Lua error in Module:Infobox_gene at line 33: attempt to index field 'wikibase' (a nil value). Low density lipoprotein receptor-related protein 1 (LRP1), also known as alpha-2-macroglobulin receptor (A2MR), apolipoprotein E receptor (APOER) or cluster of differentiation 91 (CD91), is a protein forming a receptor found in the plasma membrane of cells involved in receptor-mediated endocytosis.

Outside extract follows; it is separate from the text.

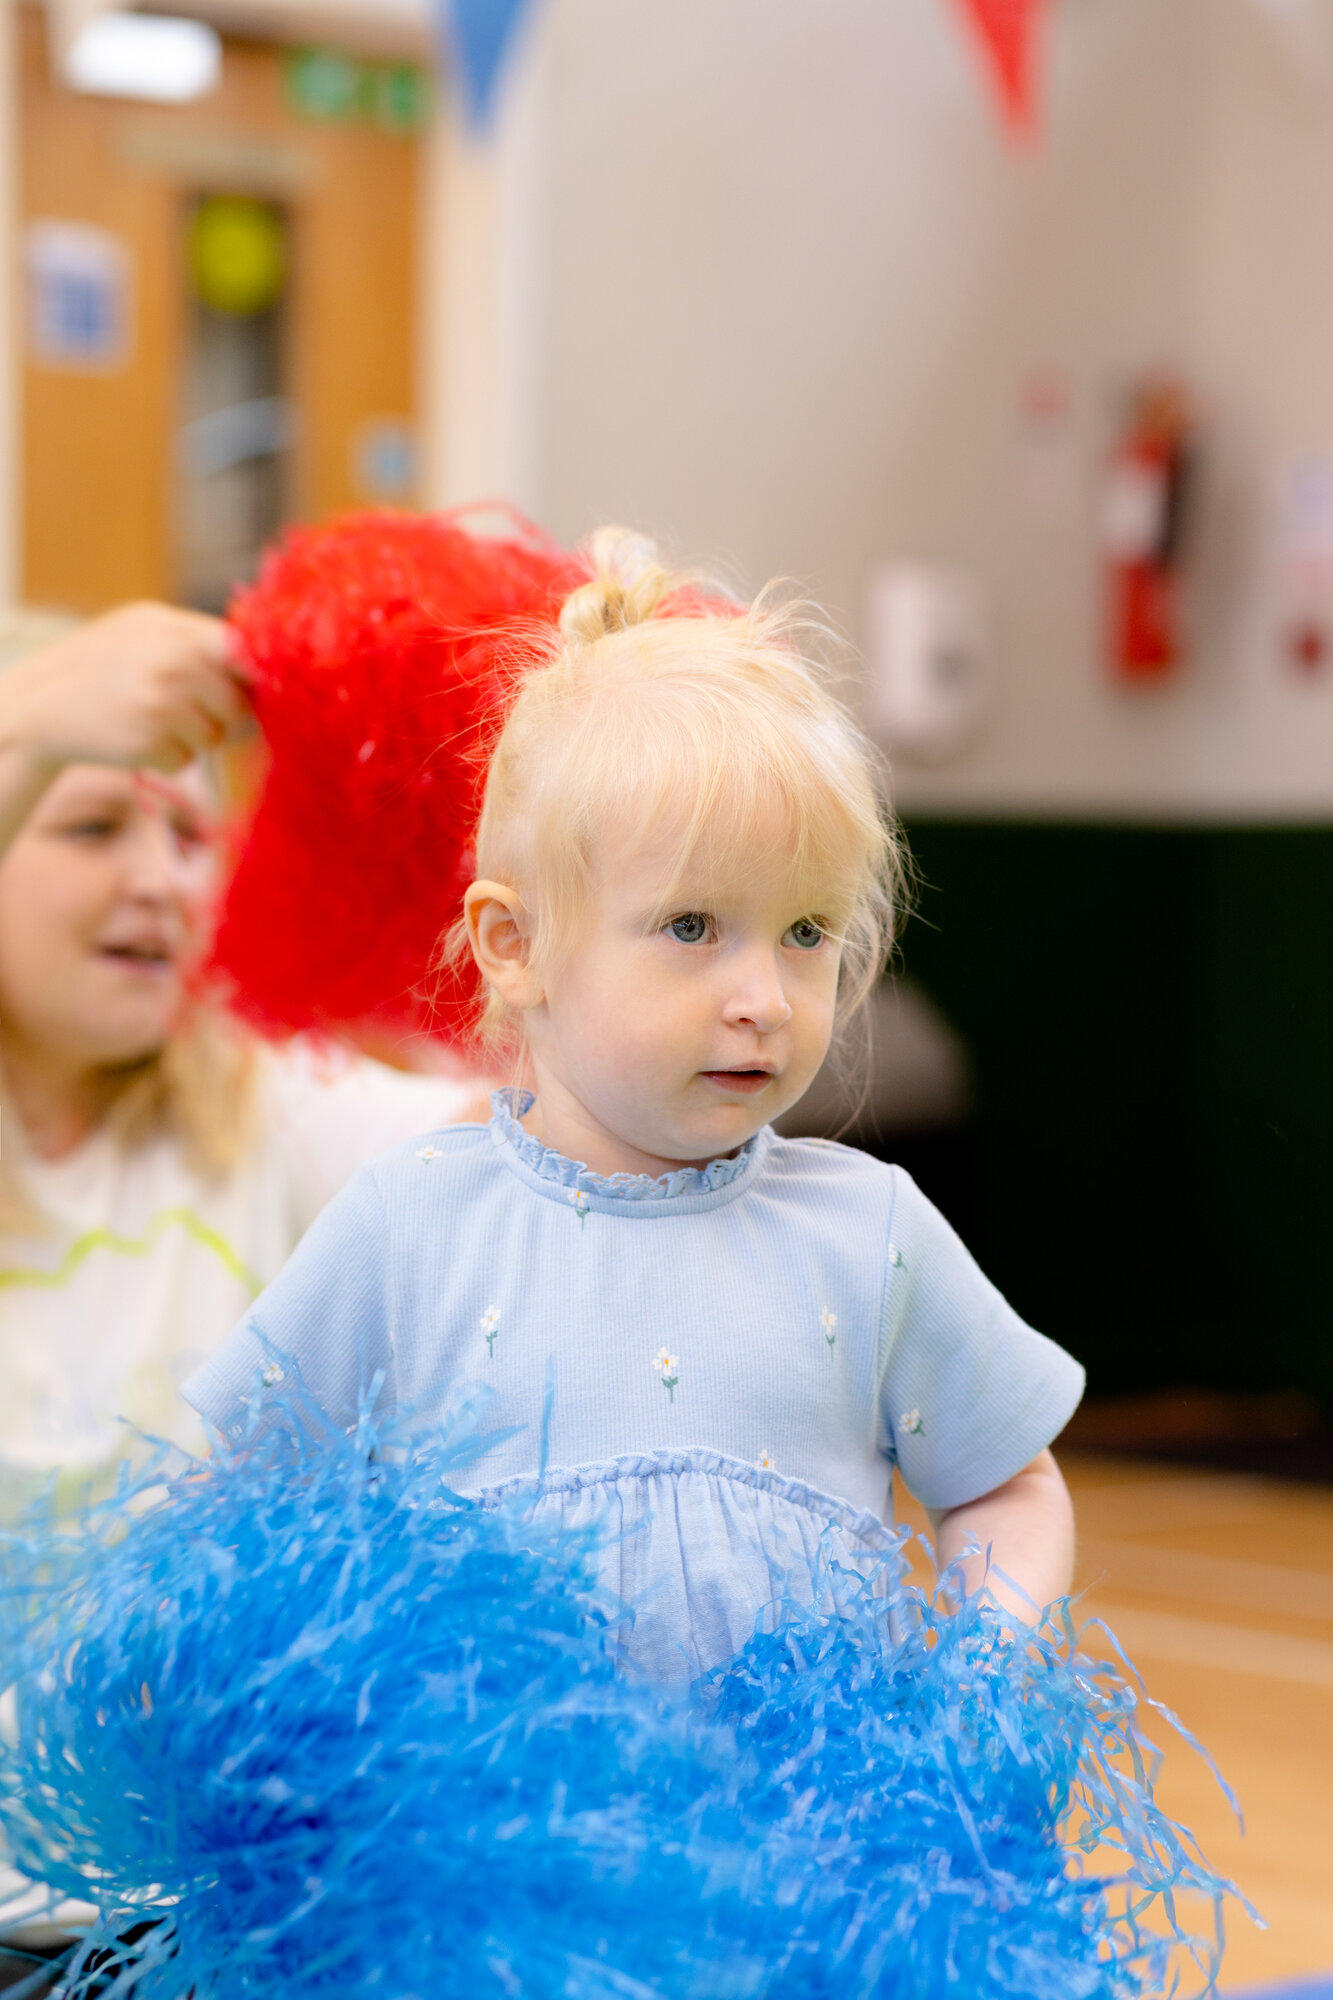 Images Bloom Toddler Classes

In humans, the LRP1 protein is encoded by the LRP1 gene.^[1][2][3] LRP1 is also a key signalling protein and, thus, involved in various biological processes, such as lipoprotein metabolism and cell motility, and diseases, such as neurodegenerative diseases, atherosclerosis, and cancer.^[4][5]

Structure

The LRP1 gene encodes a 600 kDa precursor protein that is processed by furin in the trans-Golgi complex, resulting in a 515 kDa alpha-chain and an 85 kDa beta-chain associated noncovalently.^[4][6][7] As a member of the LDLR family, LRP1 contains cysteine-rich complement-type repeats, EGF (gene) repeats, β-propeller domains, a transmembrane domain, and a cytoplasmic domain.^[5] The cytoplasmic domain of LRP1 is the alpha-chain, which comprises four ligand-binding domains (numbered I-IV) containing two, eight, ten, and eleven cysteine-rich complement-type repeats, respectively.^[4][5][6][7] These repeats bind extracellular matrix proteins, growth factors, proteases, protease inhibitor complexes, and other proteins involved in lipoprotein metabolism.^[4][5] Of the four domains, II and IV bind the majority of the protein’s ligands.^[7] The EGF repeats and β-propeller domains serve to release ligands in low pH conditions, such as inside endosomes, with the β-propeller postulated to displace the ligand at the ligand binding repeats.^[5] The transmembrane domain is the β-chain, which contains a 100-residue cytoplasmic tail. This tail contains two NPxY motifs that are responsible for the protein’s function in endocytosis and signal transduction.^[4]

Function

LRP1 is a member of the LDLR family and ubiquitously expressed in multiple tissues, though it is most abundant in vascular smooth muscle cells (SMCs), hepatocytes, and neurons.^[4][5] LRP1 plays a key role in intracellular signaling and endocytosis, which thus implicate it in many cellular and biological processes, including lipid and lipoprotein metabolism, protease degradation, platelet derived growth factor receptor regulation, integrin maturation and recycling, regulation of vascular tone, regulation of blood brain barrier permeability, cell growth, cell migration, inflammation, and apoptosis, as well as diseases such as neurodegenerative diseases, atherosclerosis, and cancer.^{[3][4][5][6][7]} To elaborate, LRP1 mainly contributes to regulation of protein activity by binding target proteins as a co-receptor, in conjunction with integral membrane proteins or adaptor proteins like uPA, to the lysosome for degradation.^[5][6][7] In lipoprotein metabolism, the interaction between LRP1 and APOE stimulates a signaling pathway that leads to elevated intracellular cAMP levels, increased protein kinase A activity, inhibited SMC migration, and ultimately, protection against vascular disease.^[5] While membrane-bound LRP1 performs endocytic clearance of proteases and inhibitors, proteolytic cleavage of its ectodomain allows the free LRP1 to compete with the membrane-bound form and prevent their clearance.^[4] Moreover, it is continuously endocytosed from the membrane and recycled back to the cell surface.^[5] Though the role of LRP1 in apoptosis is unclear, it is required for tPA to bind LRP1 in order to trigger the ERK1/2 signal cascade and promote cell survival.^[8]

Clinical significance

Alzheimer's disease

Neurons require cholesterol to function. Cholesterol is imported into the neuron by apolipoprotein E (apoE) via LRP1 receptors on the cell surface. It is thought that a causal factor in Alzheimer's is the malfunction of this process which damages neurons by starving them of cholesterol.^[9]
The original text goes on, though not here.